KEDA HTTP Add-on Configuration

apiVersion: http.keda.sh/v1alpha1
kind: HTTPScaledObject
metadata:
  name: example-http-scaledobject
spec:
  hosts:
    - example.com
  scaleTargetRef:
    deployment: target-deployment
    service: target-service
    port: 8080
  replicas:
    min: 0
    max: 10
  scaledownPeriod: 300
  targetPendingRequests: 100
---
# Note: ScaledObject is automatically created by the HTTPScaledObject operator
# with external-push trigger configuration

Performance Characteristics

  • KubeElasti: Higher throughput in serve mode due to direct routing bypass
  • KEDA HTTP Add-on: Consistent throughput with always-on proxy, but potential bottleneck under high load

Operational Considerations

KubeElasti

Advantages: - Intelligent mode switching reduces proxy overhead during normal operations - Built-in Prometheus integration with flexible query-based triggers - Simpler architecture with fewer moving components - Lower resource footprint when scaled up (serve mode)

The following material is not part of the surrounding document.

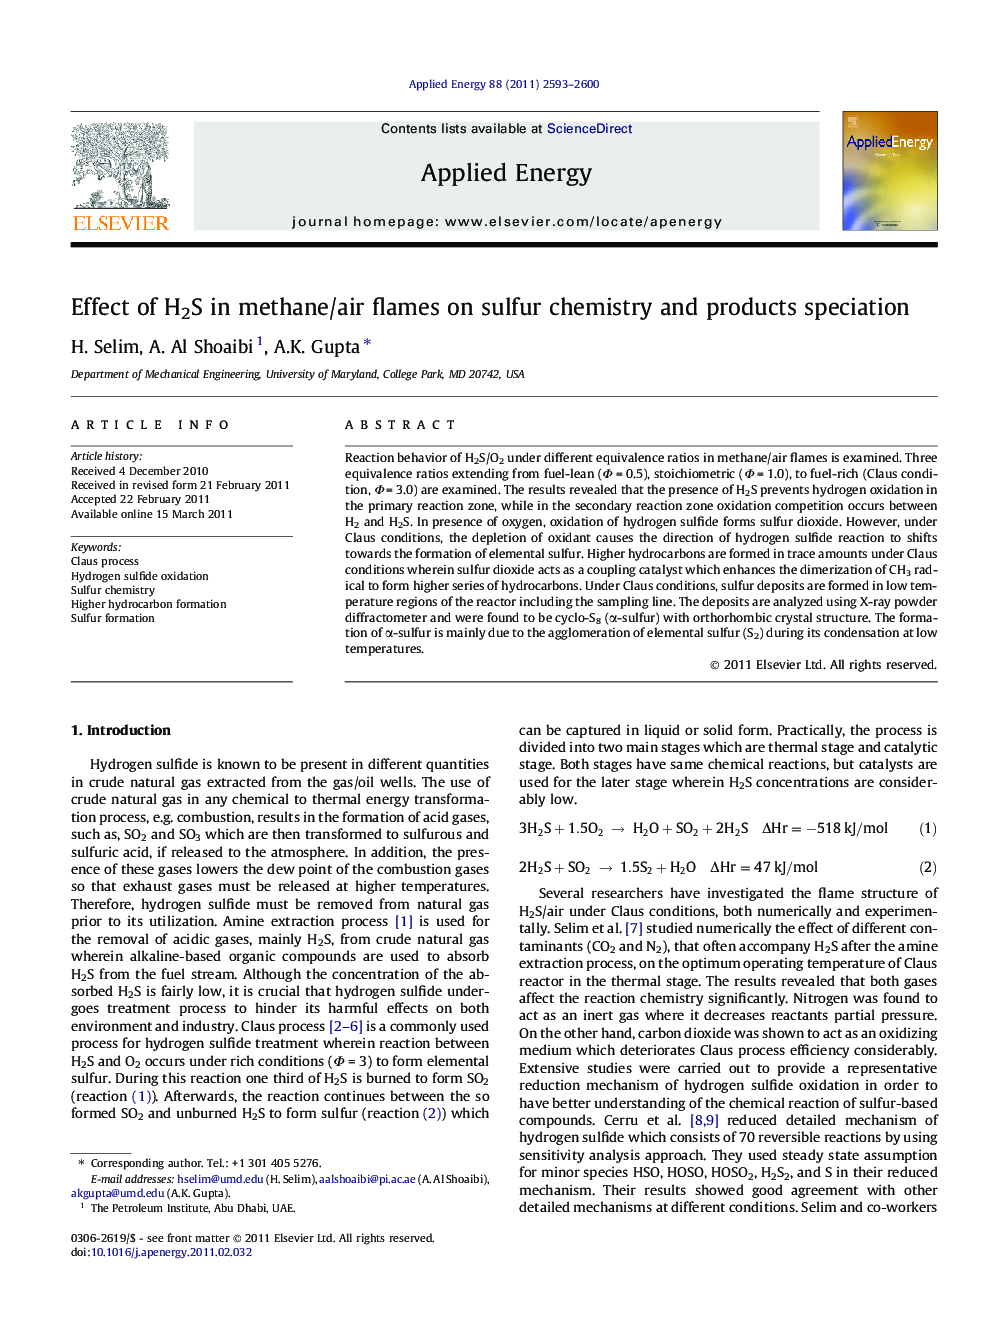 Effect of H2S in methane/air flames on sulfur chemistry and products speciation

Limitations: - Requires Prometheus for advanced scaling capabilities - Newer project with smaller ecosystem and community - Limited scaler types compared to KEDA - Less enterprise adoption

KEDA HTTP Add-on

Advantages: - Mature ecosystem with extensive scaler support (70+ built-in scalers) - Standard HPA integration with Kubernetes-native patterns - Multiple trigger types beyond HTTP (databases, queues, etc.)

Limitations: - Always-on proxy overhead even when not scaling - More complex multi-component architecture (operator + interceptor + scaler) - Beta stage with potential production limitations - Limited customization of scaling algorithms

Technical Trade-offs Summary

ConsiderationKubeElastiKEDA HTTP Add-on
Architectural ComplexityLowerHigher
Performance (Scaled Up)Better (no proxy)Good (always-on proxy)
Performance (Scale-from-zero)Good (queued requests)Good (queued requests)
Ecosystem MaturityBetaBeta
Operational OverheadLowerHigher
FlexibilityHigh (custom triggers)Very High (70+ scalers)
Resource EfficiencyHigher (proxy switching)Lower (always-on proxy)

Use Case Recommendations

Choose KubeElasti When

  • Performance optimization is critical (serve mode benefits are significant)
  • Prometheus-centric monitoring stack already in place
  • Simplified operational model preferred with fewer components
  • Direct routing benefits outweigh always-on proxy patterns
  • Resource efficiency during scaled-up state is important

Choose KEDA HTTP Add-on When

  • Multi-trigger scaling requirements (HTTP + queue + database triggers)
  • Enterprise support and ecosystem maturity needed
  • Existing KEDA infrastructure already deployed
  • Beta limitations acceptable for your use case
  • Consistent proxy behavior preferred over mode switching

Conclusion

Both KubeElasti and KEDA HTTP Add-on solve the scale-to-zero challenge for HTTP workloads but with fundamentally different architectural approaches. KubeElasti's dual-mode architecture offers performance benefits when scaled up. KEDA HTTP Add-on provides proven patterns with extensive ecosystem support but maintains always-on proxy overhead.

The choice between them should be based on your specific requirements for performance, operational complexity, ecosystem maturity, and long-term architectural goals.